Anne Stanley (May 1580 - c. 8 October 1647) was an English noblewoman. She was the eldest daughter of the Earl of Derby and, through her two marriages, became Baroness Chandos and later Countess of Castlehaven. She was a distant relative of Elizabeth I of England and for some time was seen as a possible heir to the English throne.

In 1630, her second husband, the Earl of Castlehaven, was arrested and charged with being an accomplice to her rape by a servant. He was also accused of sodomy, found guilty and sentenced to death.

Anne Stanley's testimony against her husband was crucial in ensuring his conviction and set the precedent that a wife could give evidence against her husband. After the trial, she lived a very secluded life; her reputation had been severely damaged by the scandal.

== Possible heir to the throne ==

Anne Stanley was the daughter of Ferdinando Stanley, 5th Earl of Derby, and Alice Spencer.

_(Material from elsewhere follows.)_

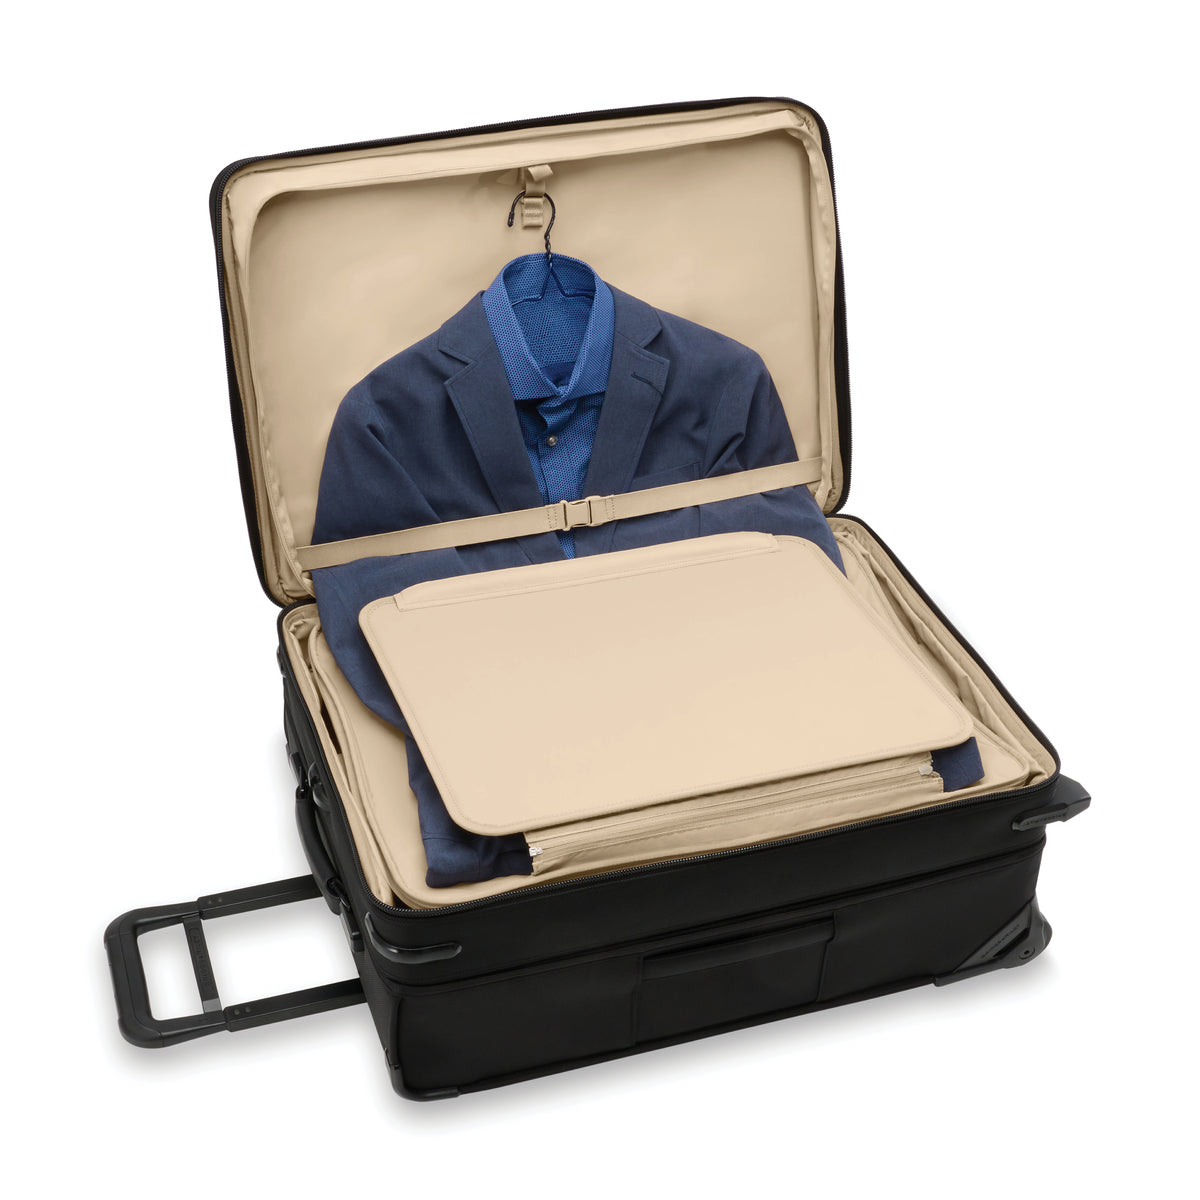 Briggs & Riley Baseline Medium Expandable Upright Carry On Luggage

The earls of Derby were among the most influential and prominent noble families in England. Ferdinando Stanley was a great-grandson of Mary Tudor, the younger sister of King Henry VIII. Henry VIII had stipulated in his will that in the line of succession Mary's descendants would follow immediately after his own children. In doing so, he excluded the Kings of Scotland, descendants of his elder sister Margaret. By 1580, it was obvious that Queen Elizabeth I would have no children, and this focused attention on the Earl of Derby as a possible future king. After his death in 1594, opinion in the matter of the succession began to favour King James VI of Scotland who, in 1603, indeed succeeded Elizabeth I. However, some believed that this succession was contrary to the will of Henry VIII, and therefore illegal. Anne Stanley herself never made a claim to the throne.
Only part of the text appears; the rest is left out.